Türkiye’deki büyük çaplı gece kulüplerinin sahibi olan Şeniz Bengüer, etkinliği düzenleyenlere teşekkür ederek “Cinsel tacize uğrayanlar için kurulmuş bir Derneğin gecesindeyiz. Ev sahibimiz sevgili Alkım, müthiş bir sorumluluk ve bilinç. Çok güzel bir ekip olarak bir araya gelmiş durumdayız. Ne kadar bir araya gelirsek büyüyerek çoğalacağımızı düşünüyorum” dedi.


Etkinliğe katılan Sanatçı Vivian Saragosi, etkinliğe dair şunları söyledi:
“Burada çok güzel bir etkinliğin içerisindeyiz. Buluşmamızın sebebi Cinsel Şiddetle Mücadele Derneği. Bu isim bana ilk başta biraz itici geldi çünkü cinsel şiddet dendiği zaman ilk aklıma gelen bir mağdur ve buna sebep olan fail oluyor.
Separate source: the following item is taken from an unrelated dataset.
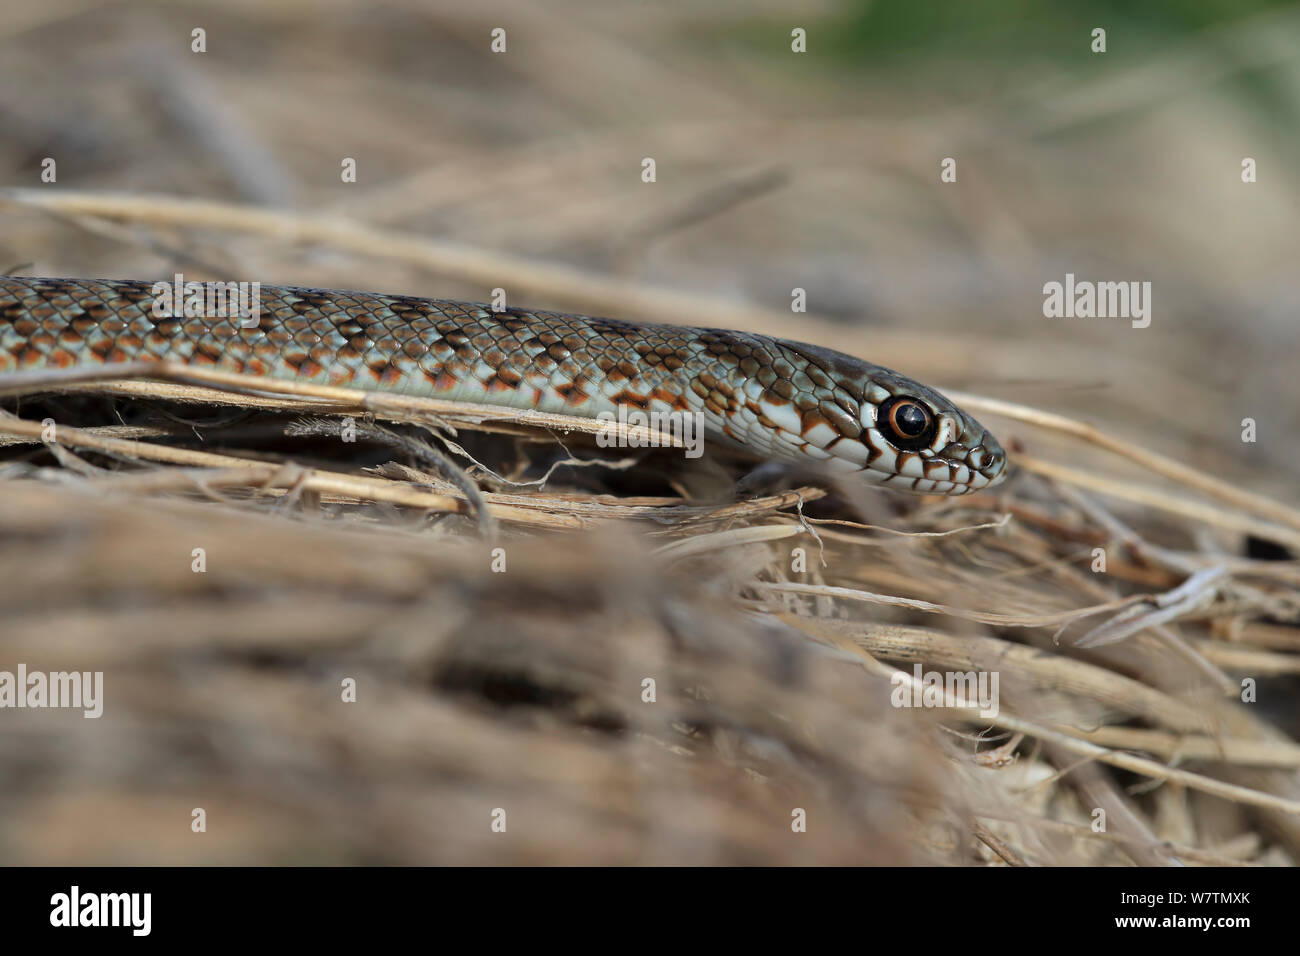 Large Caspian Whip Snake (Dolichophis caspius) Bulgaria,  September. Stock Photo

Yani kurbanlık hissi, bir çaresizlik hissi uyandırıyor bende.
Fakat sonra etkinliği düzenleyen arkadaşım Esra’yla bu düşüncemi paylaştığımda onun da aslında benzer bir yerden, mağduru ve faili kendi içimizde bulup oraya ışık tutup bu farkındalıkla varlığımızda köklü bir dönüşüme vesile olması üzerine bir yaklaşım benimsediğini söylemesiyle burada bulunmaya karar verdim. İyi ki de yapmışım.”
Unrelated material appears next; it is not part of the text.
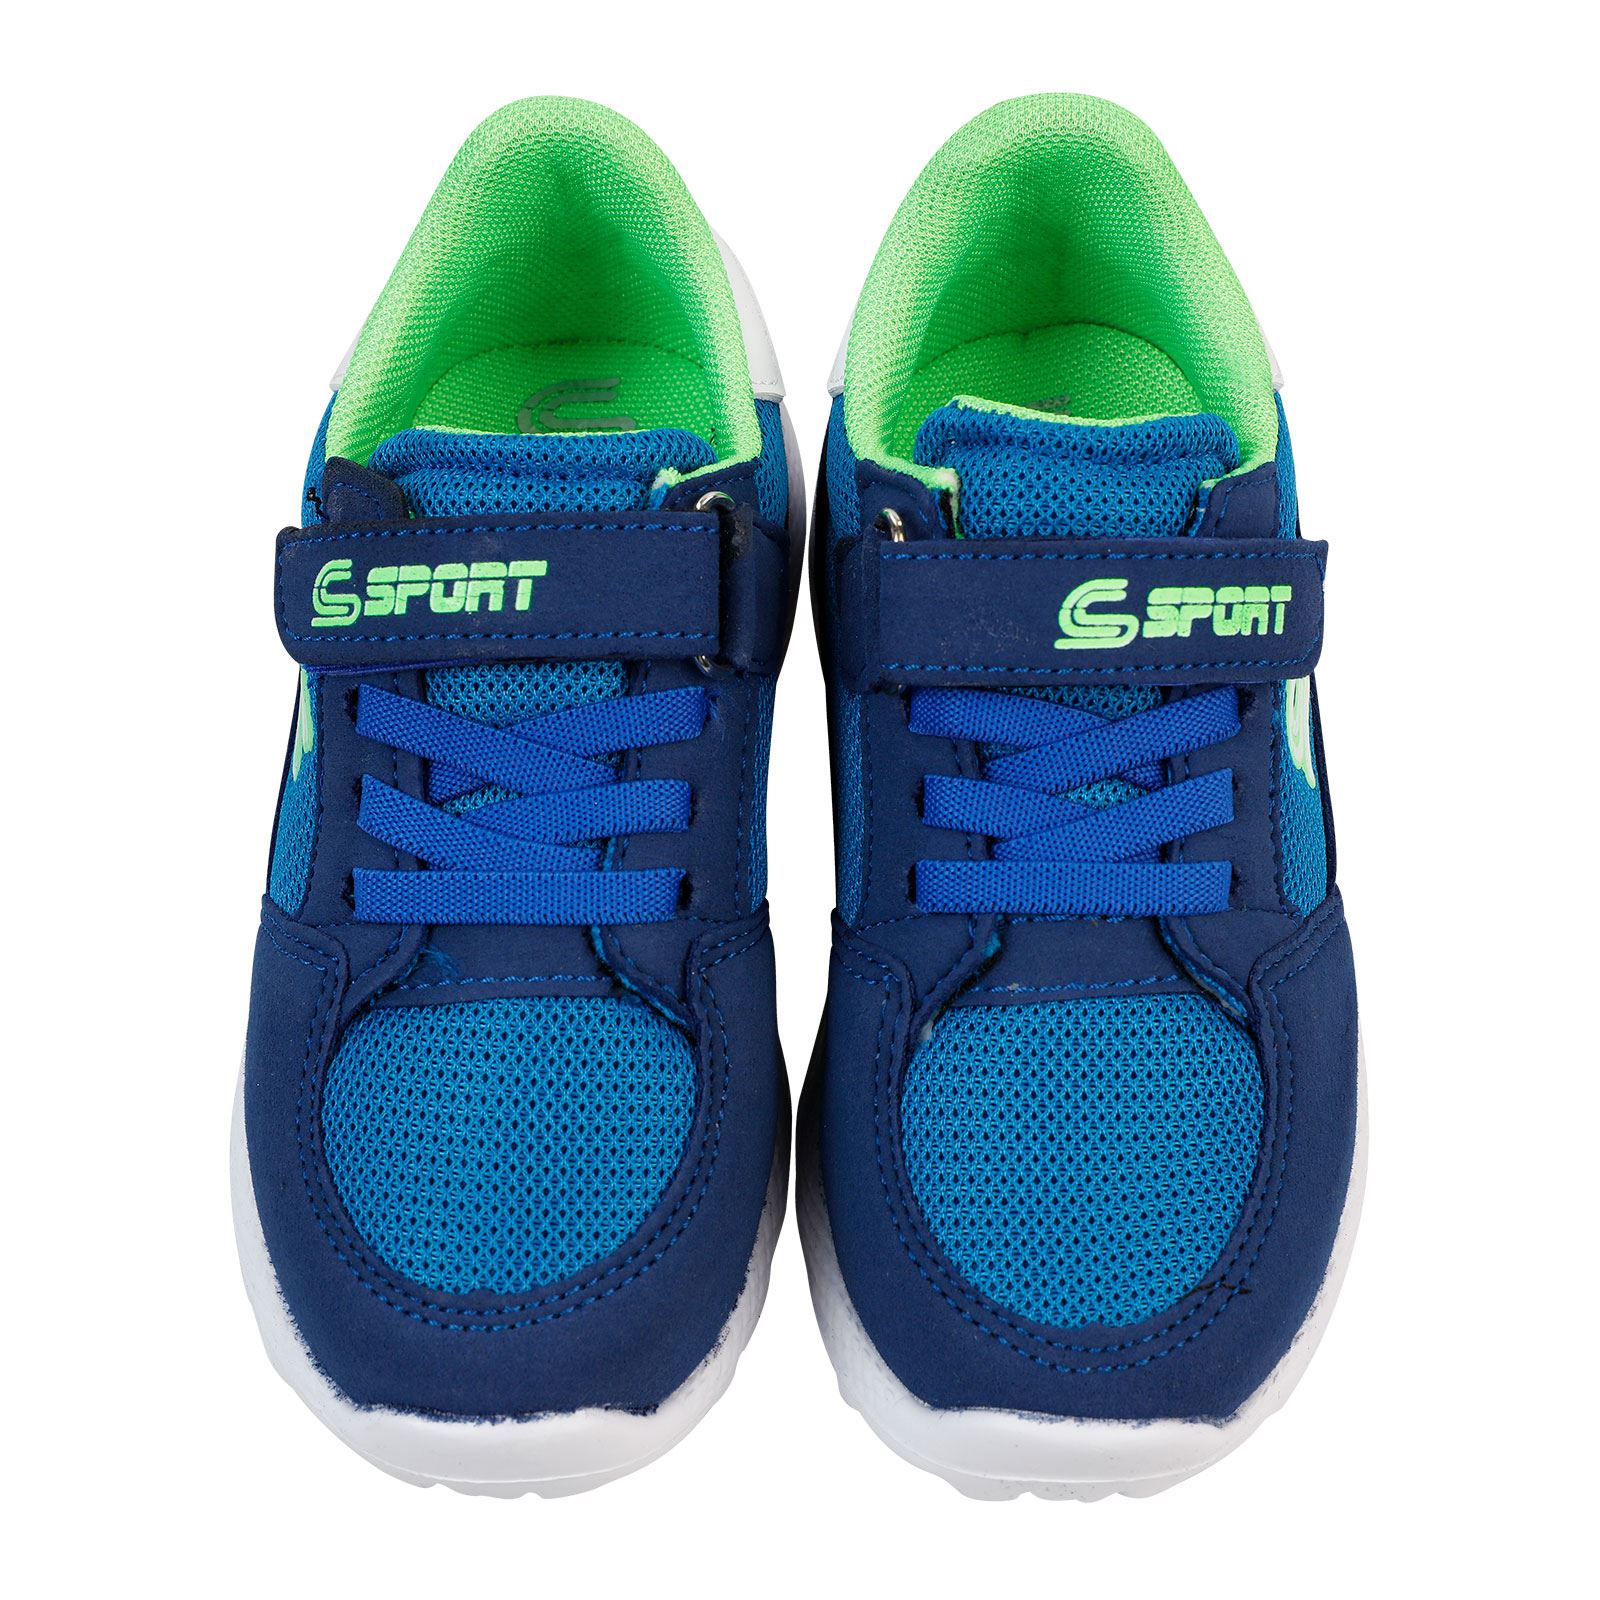 Sport Erkek Çocuk Spor Ayakkabı 26-30 Numara Saks Mavisi

SANAT TERAPİSİ VE KOLAJ ÇALIŞMASI YAPILDI
Etkinliğin çok keyifli geçtiğini ve özel bir çalışma yaparak herkesin kendi içinde konuya olan bakış açısını paylaştığını belirten Saragosi, şunları kaydetti:
“Yargısız bir alanda herkes kendi içindeki bu konuya dair yaklaşımını paylaşabildi. Bir şekilde hepimiz, varoluş sürecimizde kendi gerçeğimizle, sınırlarımızla ve olduğumuz hâlle yaşamayı öğreniyoruz. Öyle doğmuyoruz yani. Bir sürü şartlanmalarla aileden gelen doğrular, yanlışlar, ahlak kuralları, sevilmek için yaptıklarımız, onay görmek için yaptıklarımız.
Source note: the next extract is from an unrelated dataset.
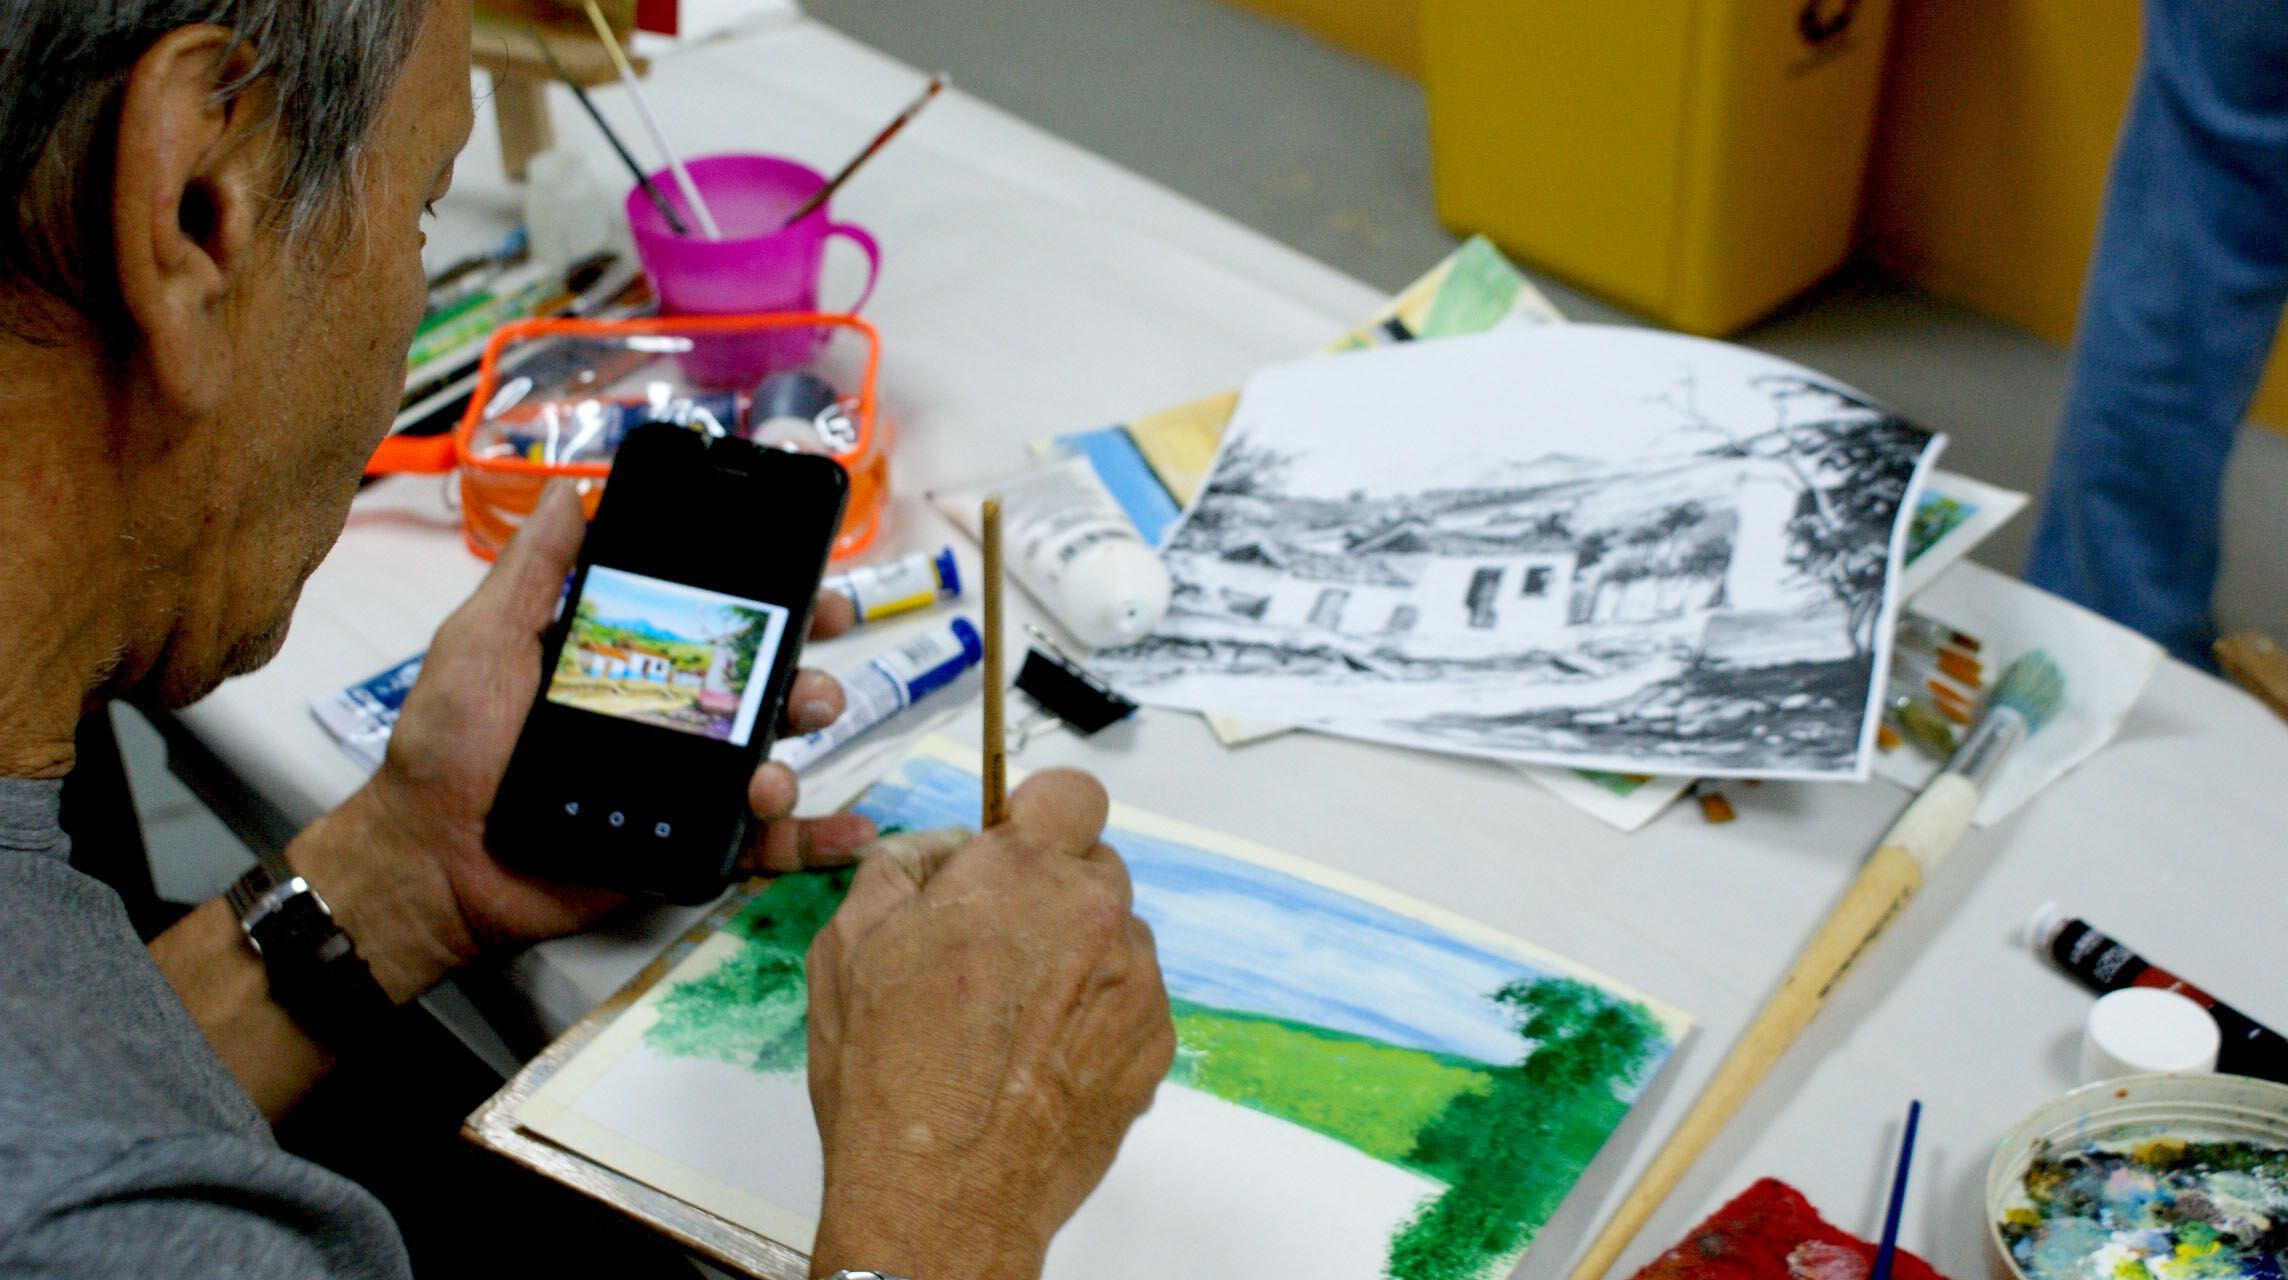 Pintura es una de las opciones en los cursos que se ofrecen para mayores de 65 años, tanto presenciales como virtuales. Foto: Ageco

Dolayısıyla bu konular bizi hep kendi gerçeğimizden, özümüzden bunun perdelenmesine sebep oluyor. Sonrasında da bundan acı çekerek öğreniyoruz ve bir şekilde pişiyoruz diye düşünüyorum. Benim de yolculuğum tamamıyla böyleydi.”
Düşüncelerin konuşulmasının ardından kolaj çalışması yapıldığına değinen Saragosi, “Her birimiz çok özel kolajlar yaptık ve herkes dinlerken onlara dair bir bağ kurdu. Bir kolajla onun dünyasına açılmak, onun üzerinden paylaşımlarını dinlemek, bir parçası olmak da çok özeldi” dedi.